* _Extracted data_
·····

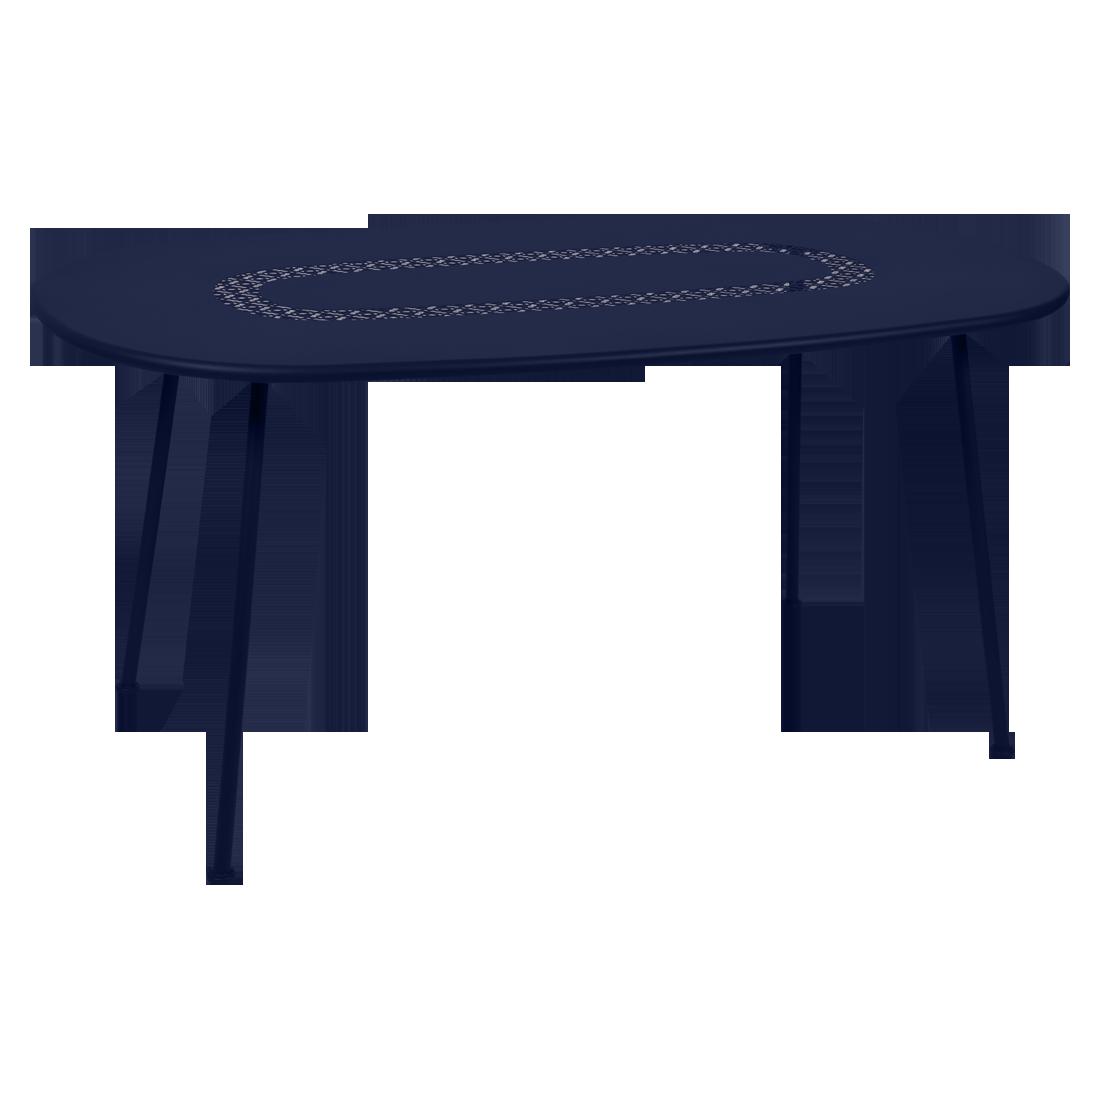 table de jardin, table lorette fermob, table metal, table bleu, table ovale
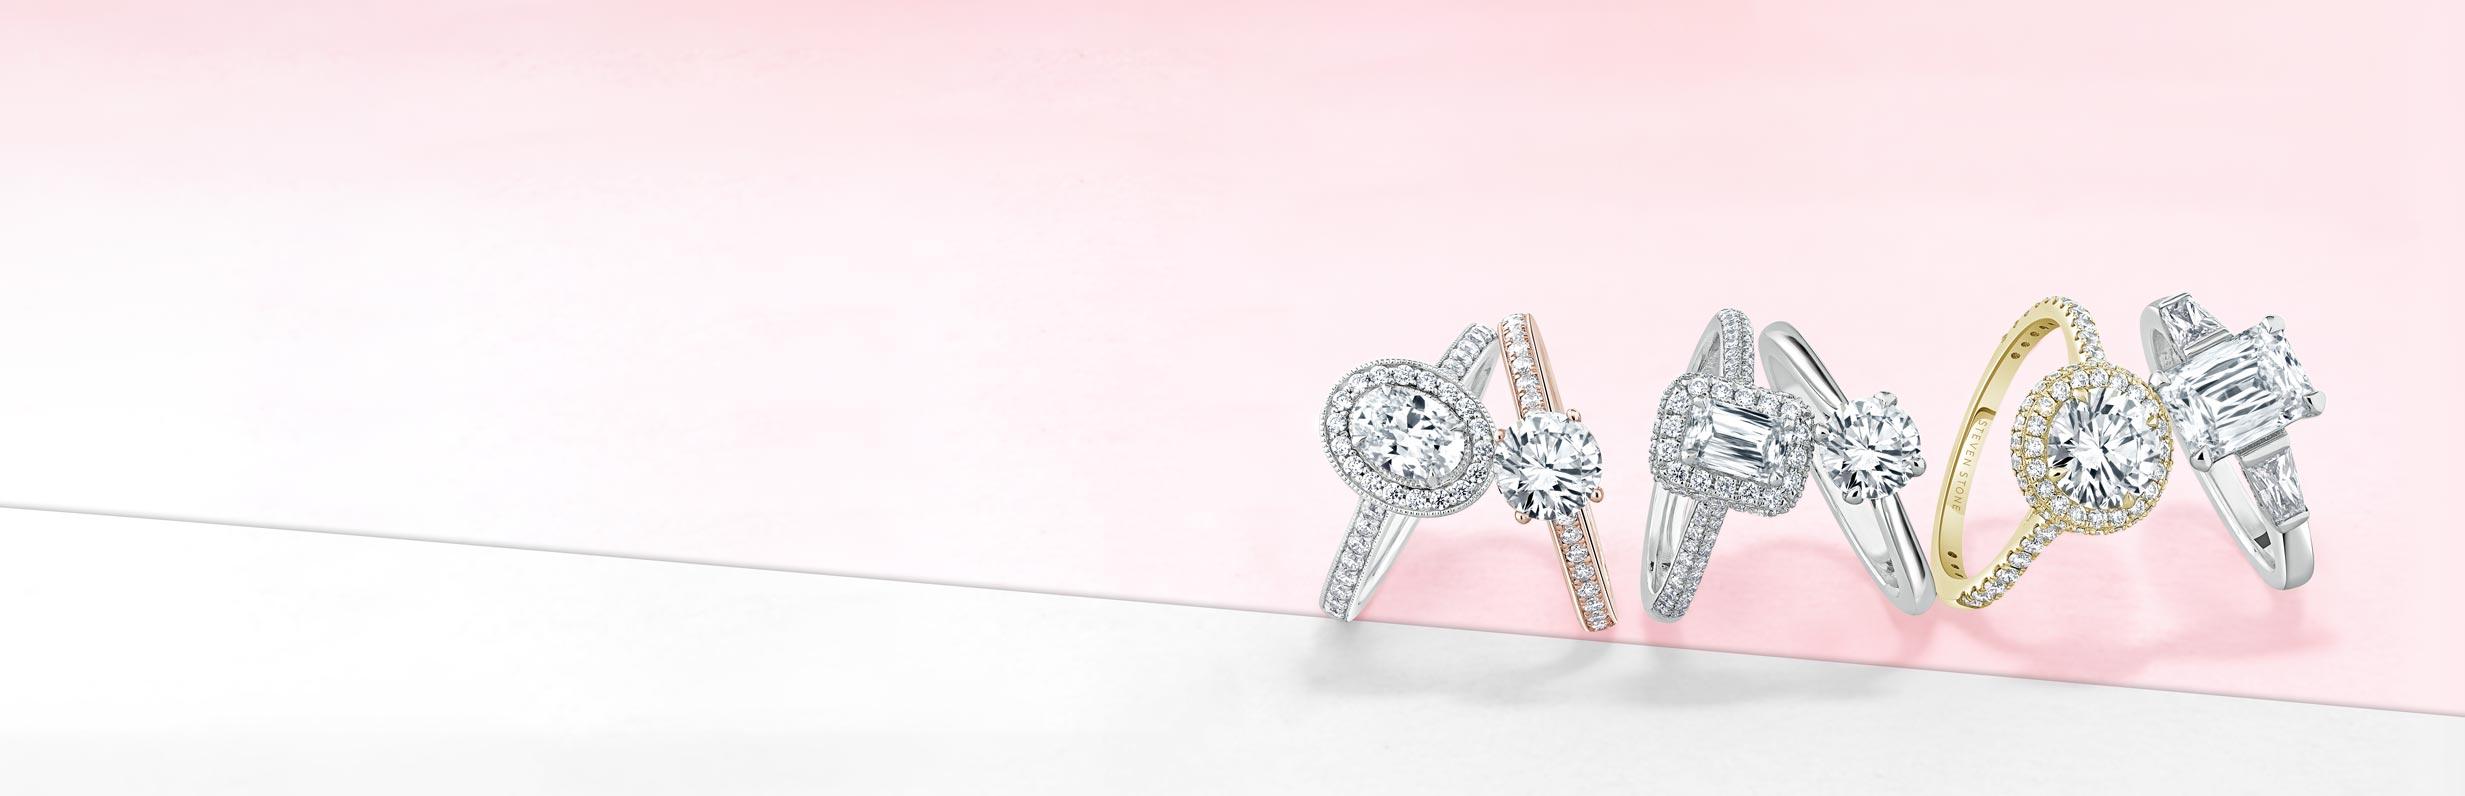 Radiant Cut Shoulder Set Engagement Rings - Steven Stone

·····

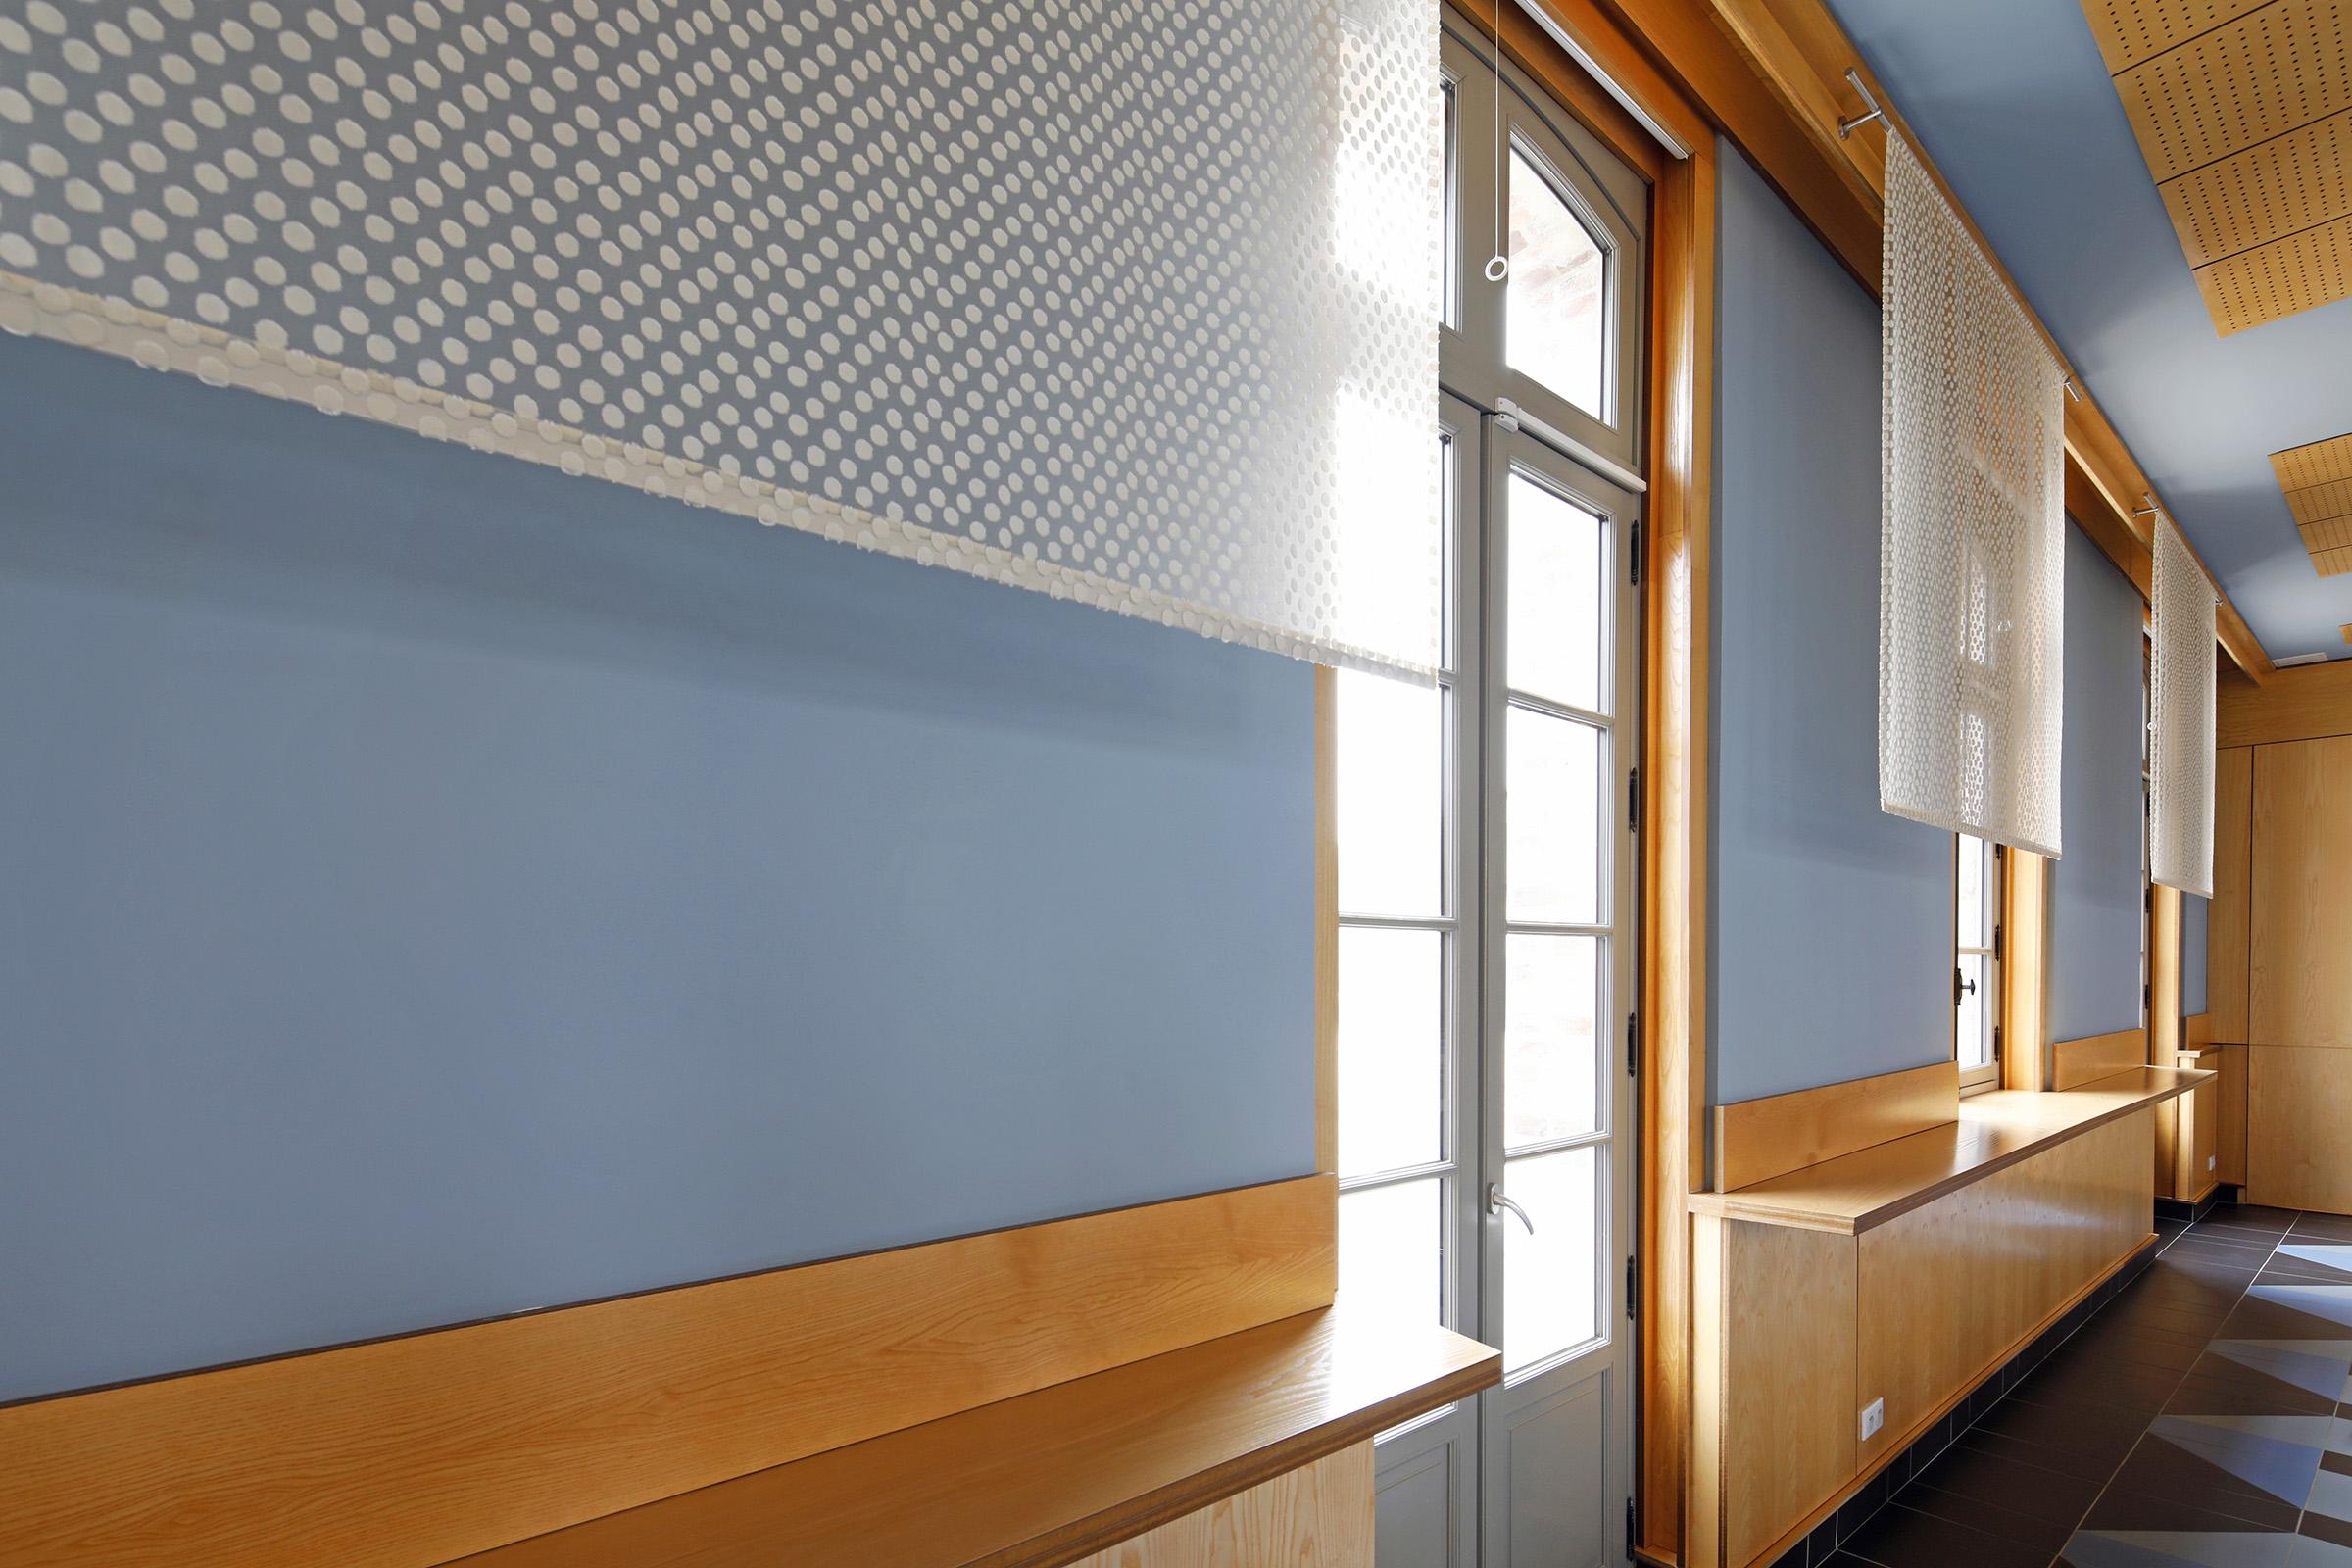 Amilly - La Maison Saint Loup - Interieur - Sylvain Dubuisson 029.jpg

·····

Exact copy, pictures excluded: from the line with "table de jardin, table" up to and including the line with "Radiant Cut Shoulder" in the data above.

* _The completed task_
 table de jardin, table lorette fermob, table metal, table bleu, table ovale
 Radiant Cut Shoulder Set Engagement Rings - Steven Stone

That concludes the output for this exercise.